Tagebuchbloggen 17.03.2020

Diszipliniert um kurz nach 7 aufgestanden. Gefrühstückt, und um 8:15 Uhr am Schreibtisch gesessen. Aber da waren schon alle VPN Lizenzen weg. Also auf dem Handy ne Mail an die Kollegen geschrieben, dass ich zwar nicht per lync erreichbar bin, aber per Mail und Telefon. Den Sharepoint hatte ich am Freitag mit OneDrive zum Glück schon auf meine Festplatte gespiegelt. Aber wegen ner Schulsache eh zu abgelenkt zum Arbeiten. Die kl Menschen kamen gut gelaunt zum Frühstück, trödelten ein bisschen rum, aber räumten dann doch den Tisch ab. Die Lernzeit klappte schon besser als gestern. Aber man muss beim kl kl Menschen noch immer sehr behutsam sein. Auf keinen Fall darf man seine Stimme auch nur minimal schärfen, wenn er sowieso schon kurz vorm verzweifeln ist. Das ist manchmal schwierig, wenn man eigentlich einen Gedanken zu Ende denken will, er aber eine Frage zu einer Aufgabe hat. Die Nerven sind dünn. Bei uns allen.

Die Mittagspause nutzen die anderen drei zur Entspannung, ich schrieb ein Arbeitszeugnis für die entlassene Haushaltshilfe.*

Anschließend kontrollierte ich noch Aufgaben, erklärte Potenzen und im Gegenzug erklärte der gr kl Mensch mir exponentielles Wachstum anhand von Reiskörnern auf einem Schachbrett.

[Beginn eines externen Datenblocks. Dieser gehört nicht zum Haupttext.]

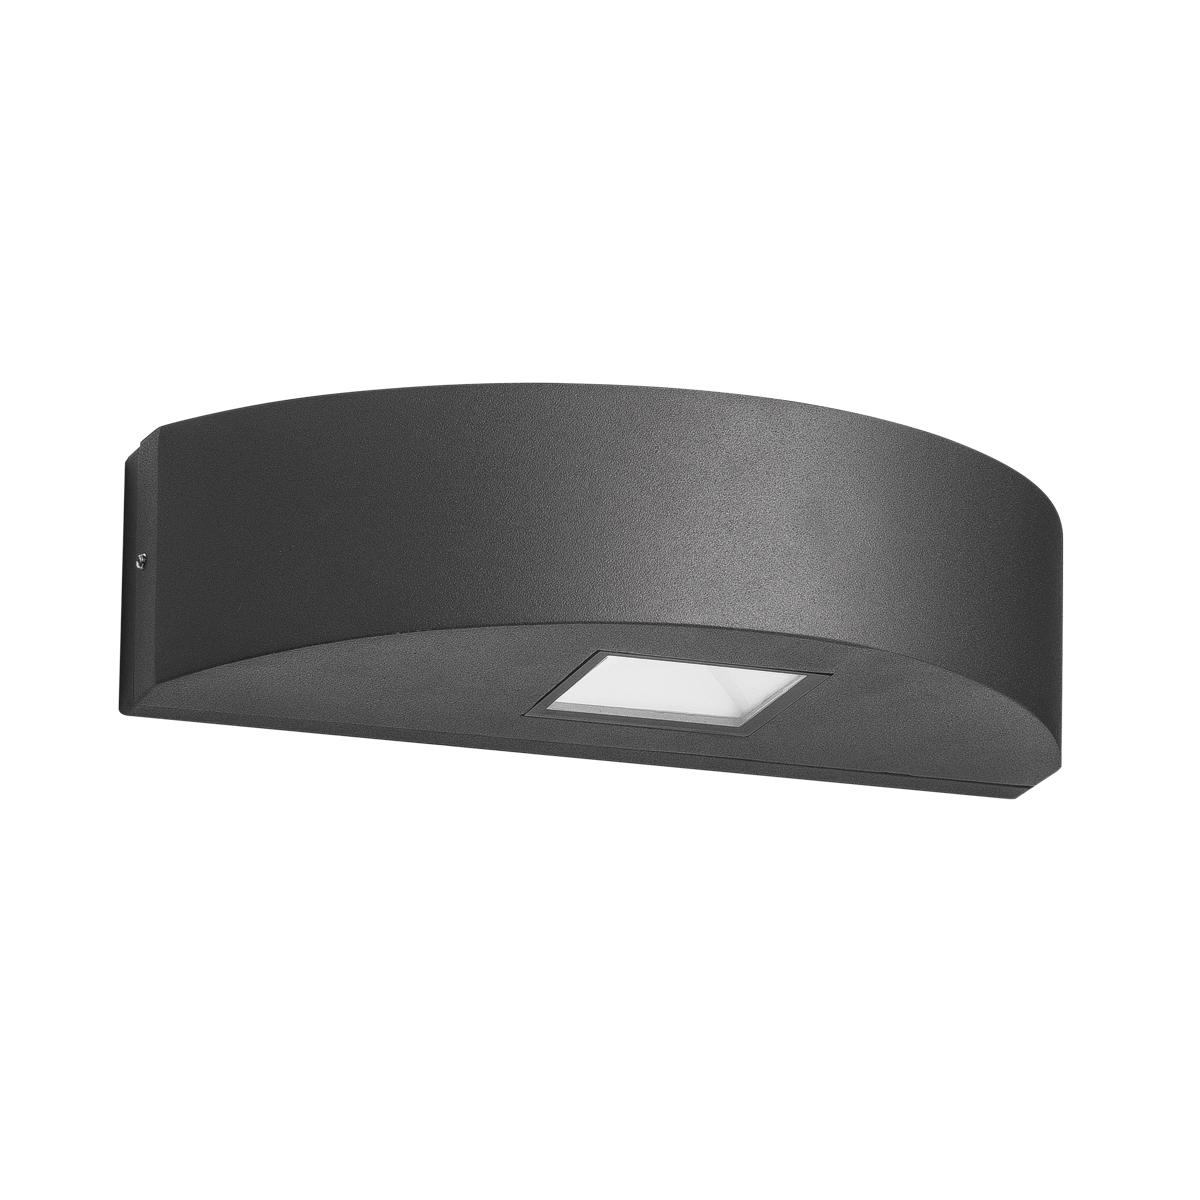 VK LED Φωτιστικό Απλίκα 6W VK02041 IP54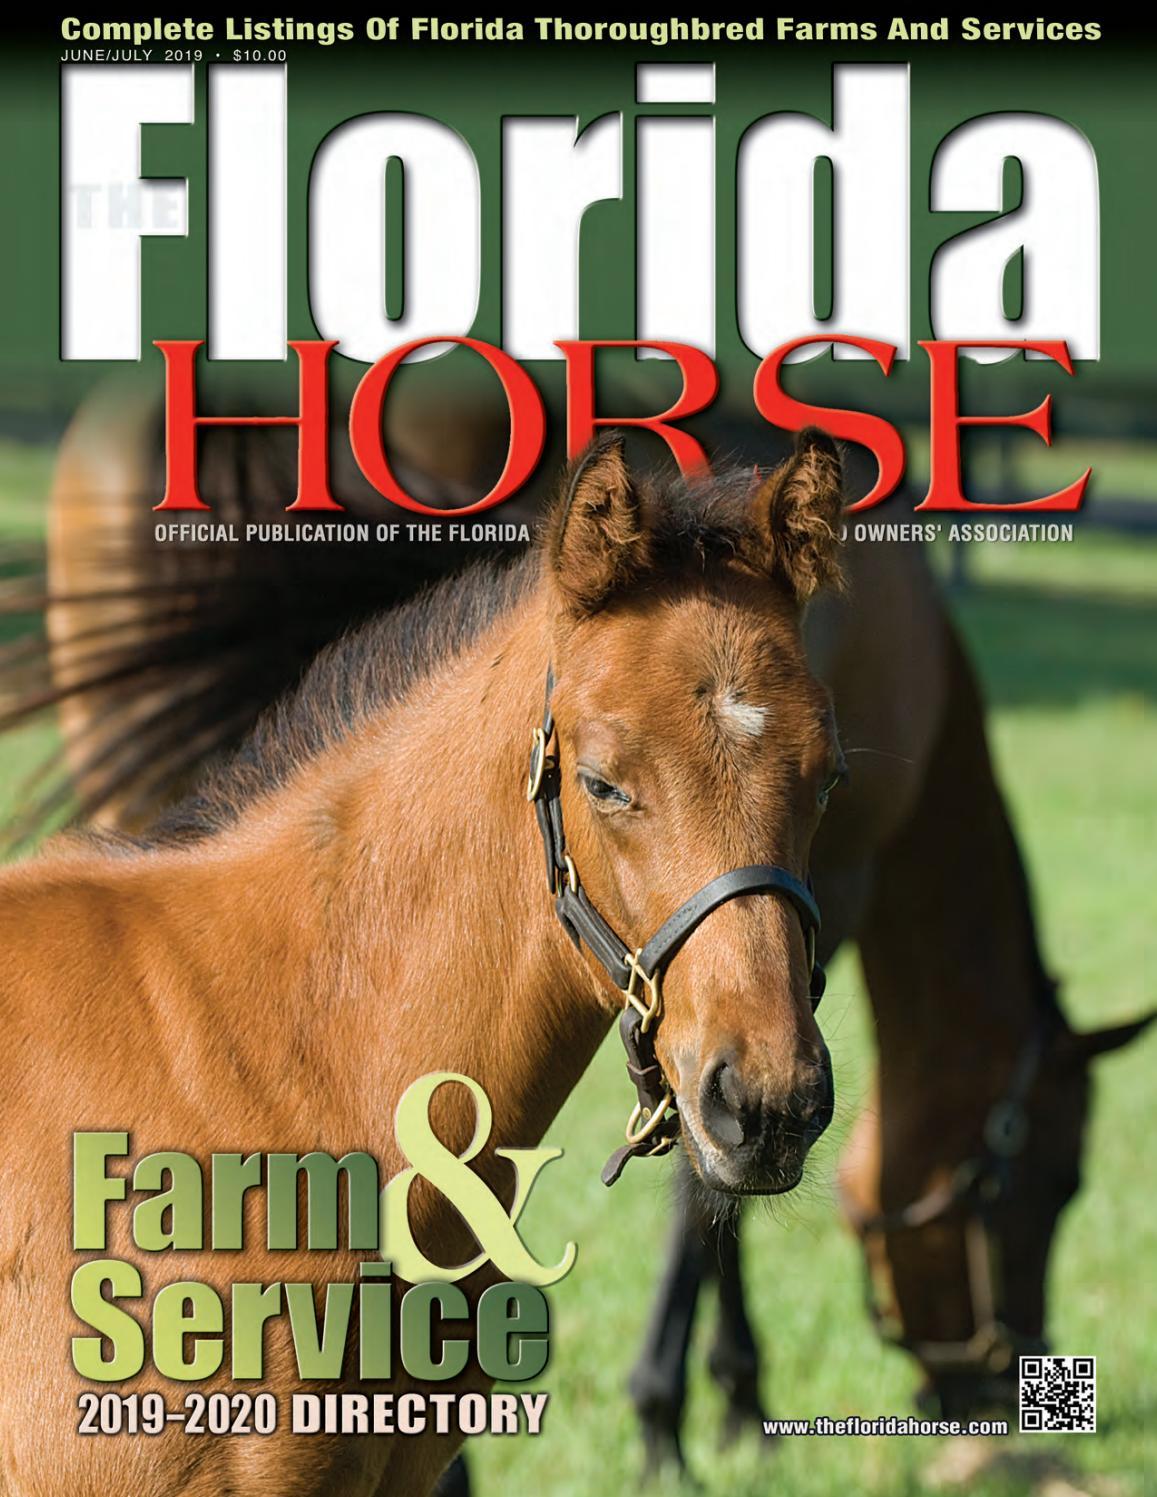 Florida Horse 2019 Farm & Service Directory by Florida

Der Nachmittagsblock war konzentrationstechnisch besser. Ich konnte ein paar Sachen zuende denken, mich nochmal sortieren und hoffe, dass ich morgen etwas besser reinkomme ins Arbeiten. Ein großes Problem ist, dass ich mit dem kleinen Laptopbildschirm viel zu krumm am Tisch sitze. Ich muss mir angewöhnen, zwischendurch Gymnastik für die Schultern zu machen.

Die kl Menschen schafften die Nachmittagslernzeit fast komplett selbstständig. Aber da dürfen sie auch eine Folge Dragons auf Englisch schauen. Und auch die anschließende Stunde Pause schafften sie gut alleine.

Um 17 Uhr gingen wir wieder raus wie jeden Tag. Diesmal gingen wir in die andere Richtung und kamen an einem Kiosk/Biergarten vorbei und da wurde sich fröhlich so ganz lässig mit Handschlag begrüßt. Ich wäre fast ausgeflippt. Wegen dieser Vollpfosten müssen wir vielleicht bald auf unsere Spazierrunde verzichten, weil offensichtlich nur eine knallharte ausgangssperre funktioniert. Eigenverantwortlich handeln im Sinne der Gesellschaft ist zuviel verlangt.

Meine Mama weiß ähnliches von ihrer Arbeit, einem Landesbetrieb, zu berichten. Menschen, die die Lage ernst nehmen, so wie sie, werden verspottet. Homeoffice ist was für Faule. Eltern haben Pech, wenn die Kinder nun zu Hause allein gelassen werden mit dieser diffusen Bedrohungslage.

Nach dem Abendessen machten wir noch ein Experiment zur oberflächenaktiven Wirkung von Seife.

Danach versuchte ich, meinen schon wieder sehr verspannten rücken mit Yoga ein bisschen zu entlasten. Aber ich glaube, Yoga ist nicht so mein Ding. Mal schauen, wie ich meine drei Sporteinheiten/Woche (Rückenfit, klettern, Crosstrainer) jetzt ersetze. Das Spazierengehen versuchen wir durchaus schnellen Schrittes, aber klettern und Rückenfit muss ich irgendwie anders ersetzen.

Es wird kein Sprint, sondern ein Marathon. Und ich denke, wir alle müssen nachsichtig mit uns sein. Der Job wird leiden, die Kinder werden leiden, die Beziehung wird leiden. Wir werden sehr oft sehr erschöpft sein. Aber dann denke ich an meine Schwester und weiß, dass diese Erschöpfung nichts ist im Vergleich dazu, was ihr als Krankenhausärztin droht, wenn wir die Situation nicht unter Kontrolle halten. Für sie und all die anderen Ärztinnen und Pflegerinnen da draußen bin ich bereit, wochenlang diesen Spagat zu probieren. Denn sie sind diejenigen, die im Zweifel unvorstellbares tun und sehen werden.

* Wir waren schon länger unzufrieden, das hat nichts mit dem lockdown zu tun.